Wisconsin (O+4.5) (based on 8 latest polls from WeAskAmerica, St. Norbert, Marist, Rasmussen, Marquette, PPP, Mason-Dixon and Quinnipiac) - Six polls released in the past three days, and none of them showed Romney with a lead. Wisconsin had looked like a possible non-Ohio alternative route to 270 electoral votes for Mitt Romney at one time, but Wisconsin provided Obama with arguably his best results from any state this week.  With maybe the exception of the Marist poll that only showed Obama up 3, every single poll this week was a pleasant surprise for Obama fans.  First PPP showed Obama up 5, then Marquette showed him up 8, then Rasmussen couldn't even tweak the numbers enough to show a Romney lead, then the NPR station showed Obama up 9, and finally the Republican WeAskAmerica showed an amazingly large 7 point lead. 



















Minnesota (O+7) (based on 5 latest polls from PPP, Survey USA, Mason-Dixon, Rasmussen and St. Cloud St.) - I only started charting Minnesota because the Romney campaign has claimed it can win there based on Mason-Dixon's polling. But Mason-Dixon is the only firm that has shown Obama with less than 50%.  This state has been in the bag for Obama since the time Minnesota let Mondale supporters into the electoral college.

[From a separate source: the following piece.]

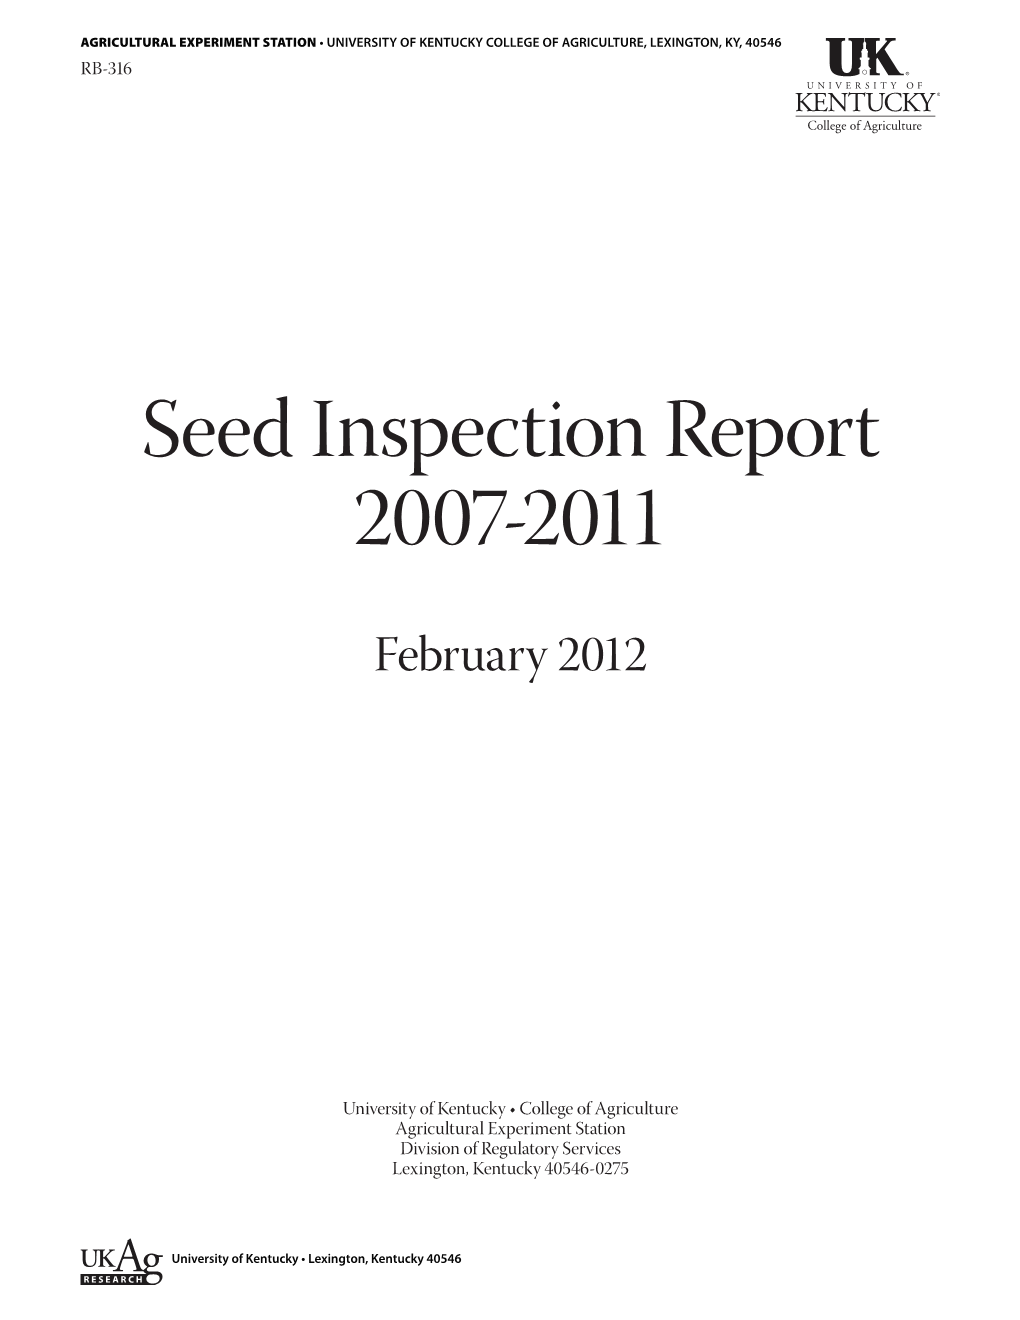 RB-316: Seed Inspection Report 2007-2011

There are other states where Romney will keep it in single digits (Oregon, possibly New Mexico, possibly Connecticut).



Sunday, October 28, 2012

Late October Polling Update - Presidential Contest

Mitt Romney's momentum has stopped, speaketh Lord Silver from his throne inside the Castle of the Gray Lady.  And the high lord of poll analysis was right -- it has been a pretty good polling week for Barack Obama overall.  The following graphs show the median of the active independent polls in each of the presidential battleground states.  I'll do the senate races in a separate post.

The presidential election will come down to these 11 states.  Last week I ran down the numbers from the perspective of Mitt Romney, so in the interest of fairness I will do it from Barack Obama's perspective this time.  His baseline is 201 electoral votes.

Michigan (O+5) (based on 7 active polls) - Michigan remains unchanged from last week, as only one (outlier) poll by Baydoun/Foster was done this week.  That poll showed an improbable tie in Michigan, but the pollster has a 3.2 point Republican-leaning house effect, second in magnitude only to Susquehanna in my database.

 

Pennsylvania (O+4.5) (based on 10 active polls) - Pennsylvania remains mostly aspirational for Mitt Romney.  Five polls released this week in Pennsylvania ranged from Obama +3 to Obama +6.  With Michigan and Pennsylvania looking like they're in the bag for Obama, his electoral vote total becomes 237.

 

Ohio (O+4) (based on 17 active polls) - There are varying definitions for swing state, but they all include this one.  Nate Silver's computers say that Ohio has a 50-50 chance of deciding the election, which basically means it's as important as all the other states combined.  This is great news for Obama.  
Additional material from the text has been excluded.